===== INFORMATION =====

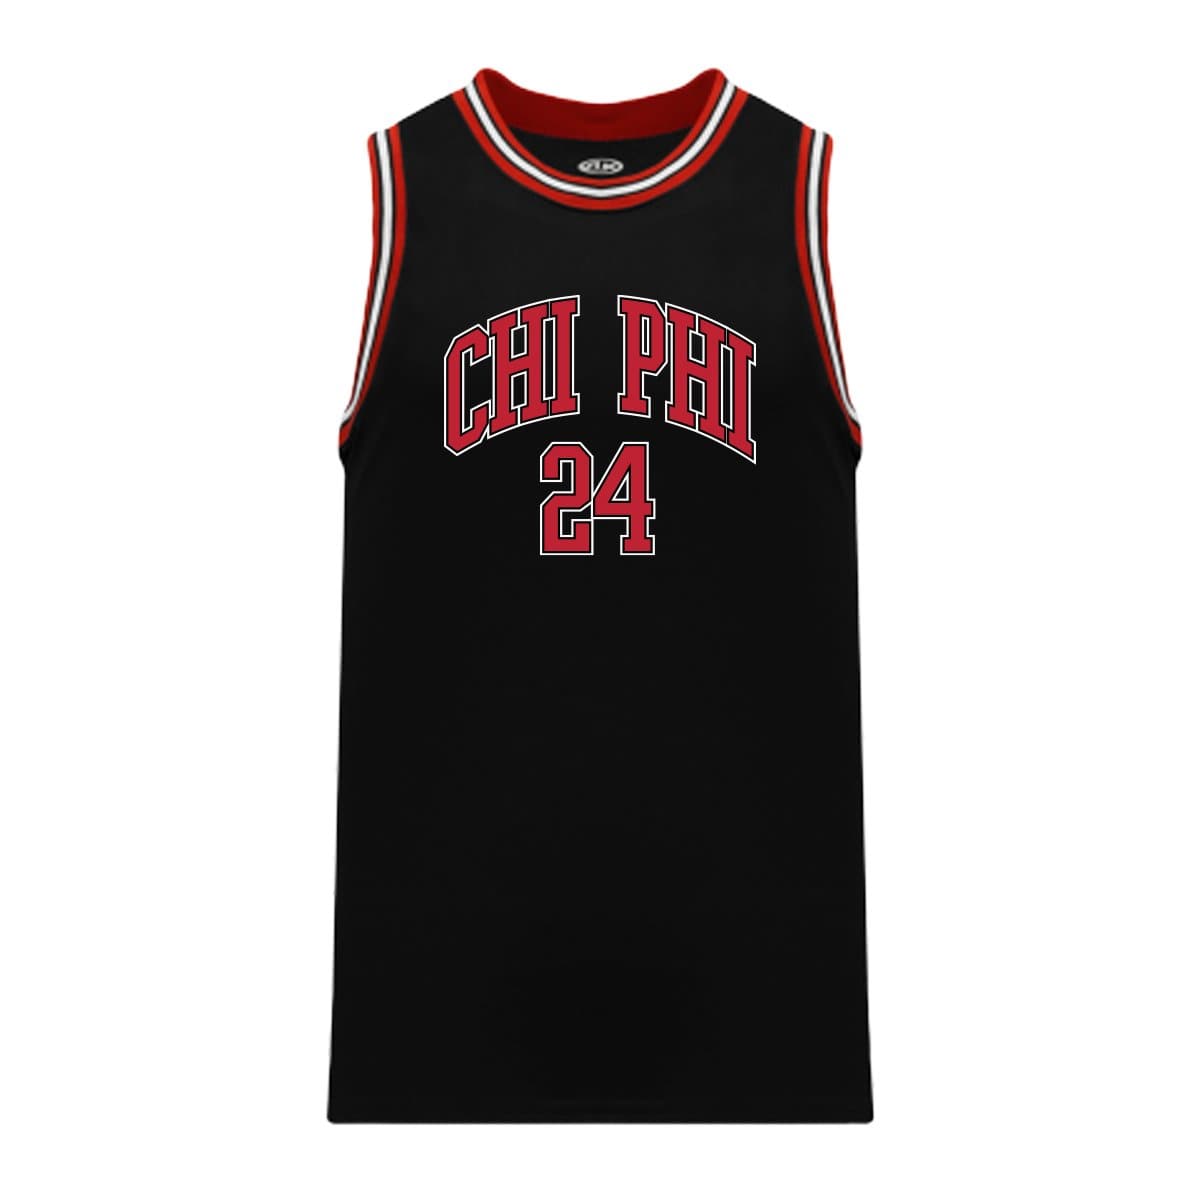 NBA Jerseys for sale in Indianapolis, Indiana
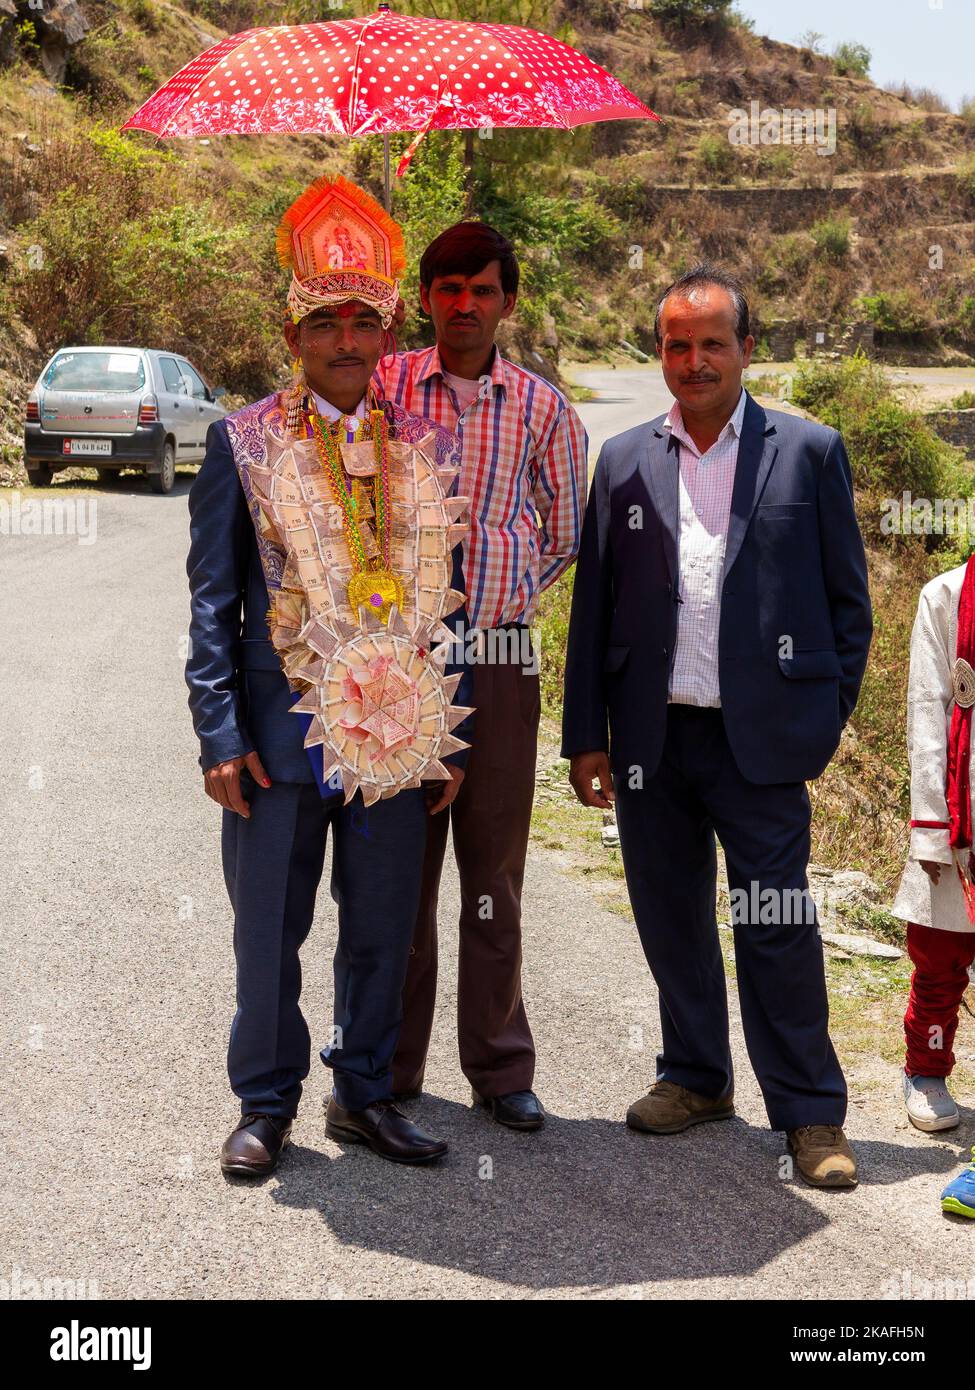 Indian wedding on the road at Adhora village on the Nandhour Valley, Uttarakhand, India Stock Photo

=====
===== INFORMATION =====

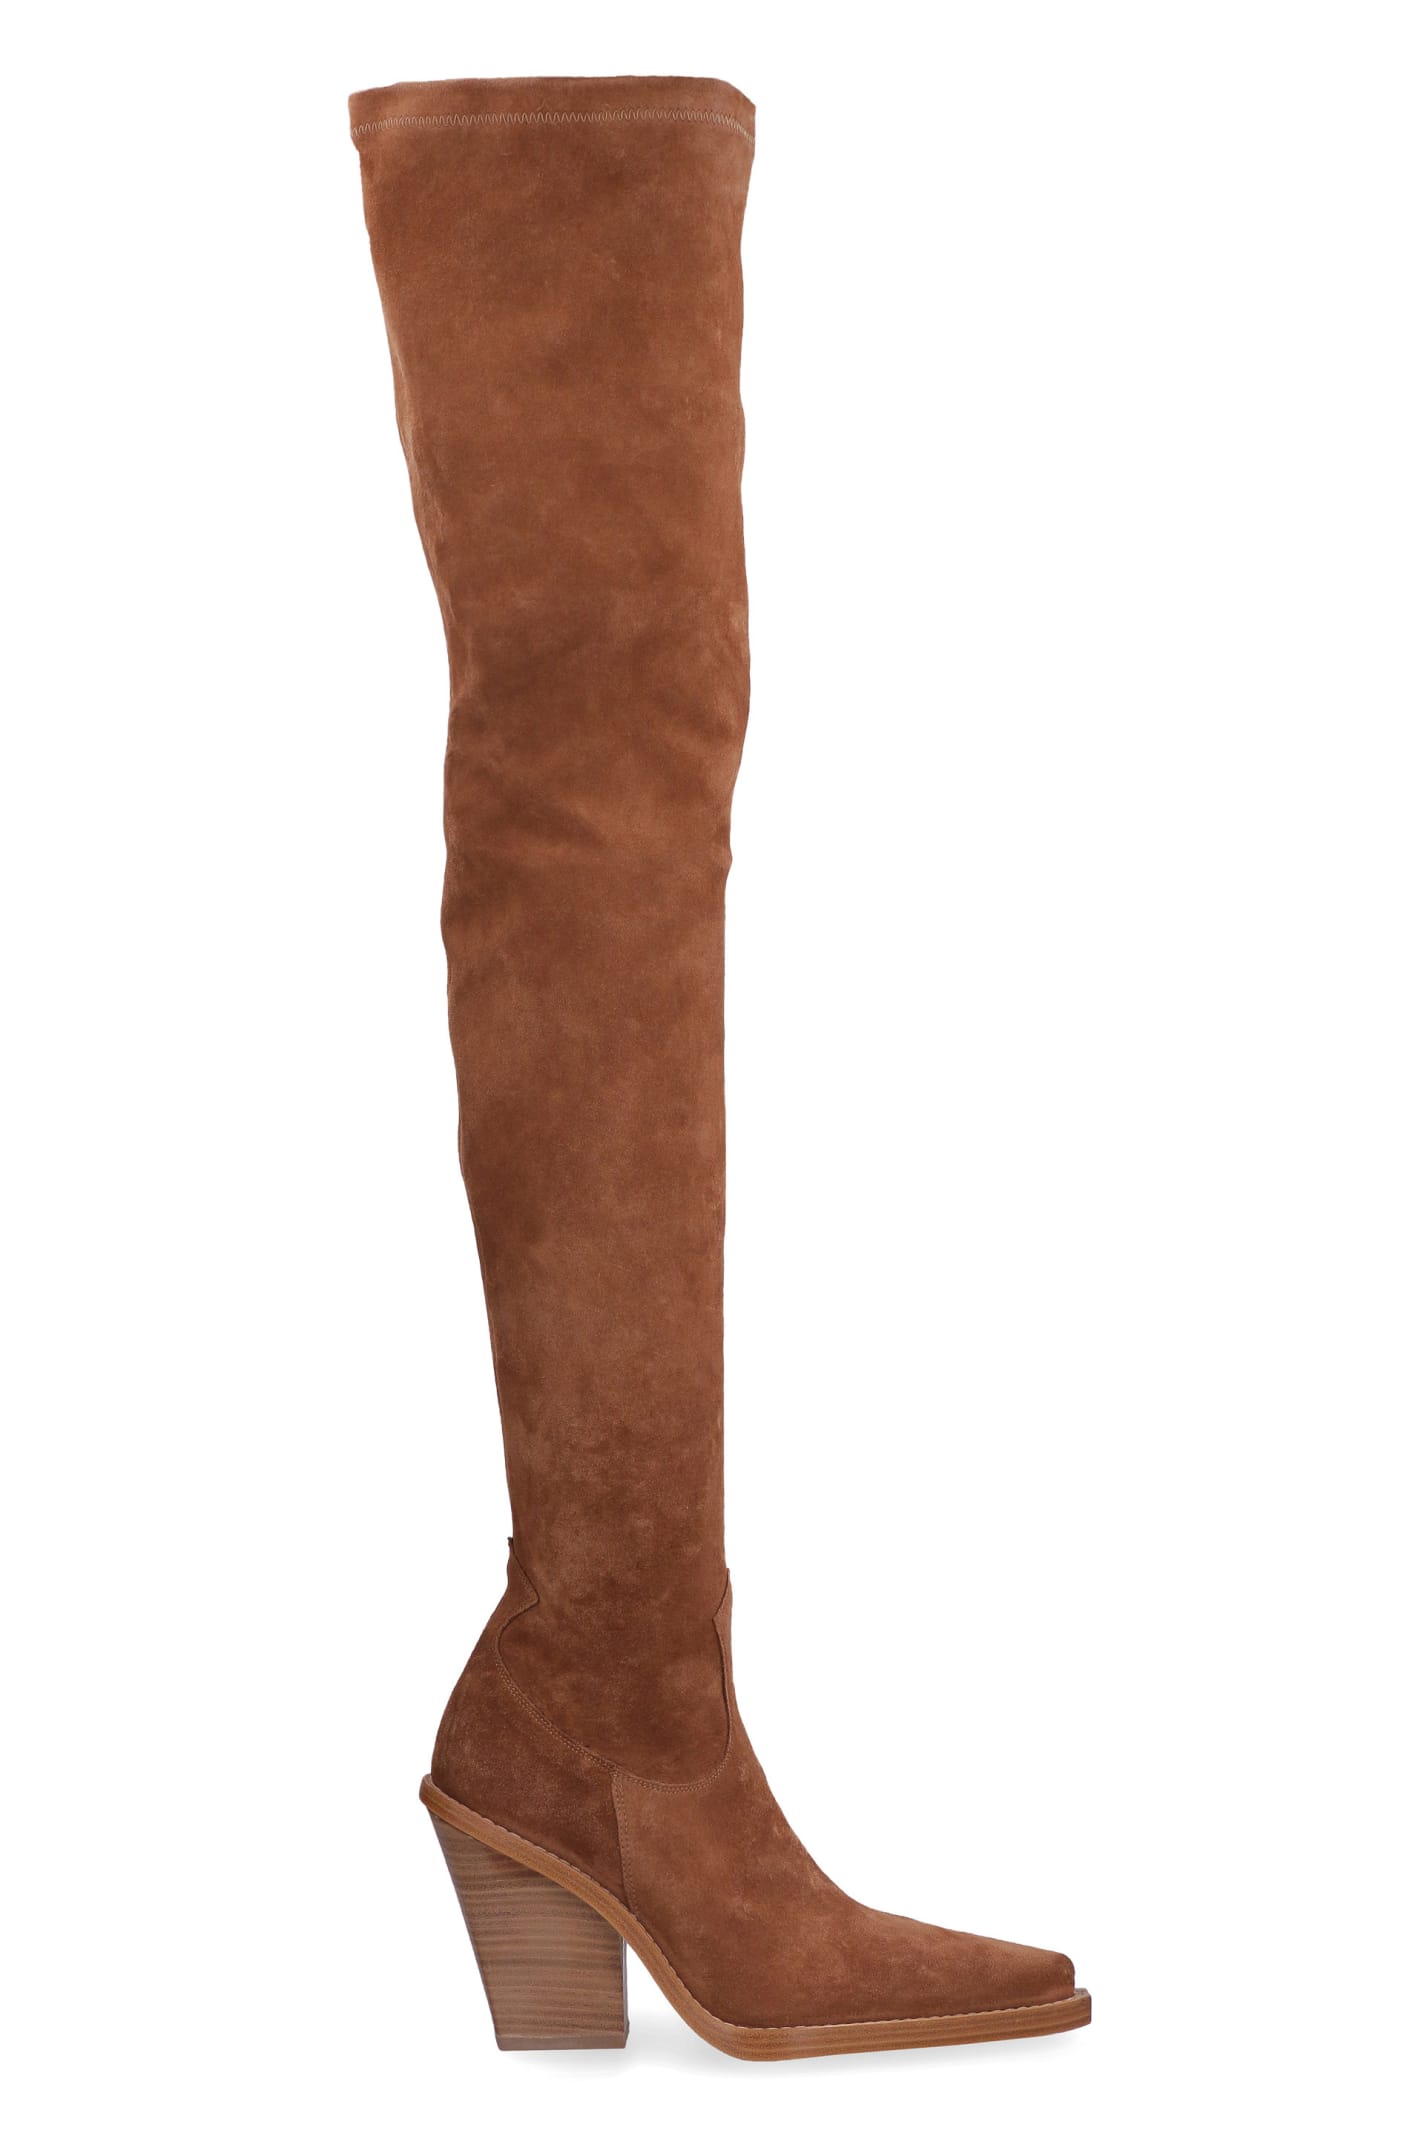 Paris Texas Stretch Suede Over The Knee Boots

=====

WORK ORDER » Leaving all pictures out, output exactly the lines of the material above from the line with "NBA Jerseys for" to the line with "Indian wedding on", both included.

TASK RESULT »
 NBA Jerseys for sale in Indianapolis, Indiana
 Indian wedding on the road at Adhora village on the Nandhour Valley, Uttarakhand, India Stock Photo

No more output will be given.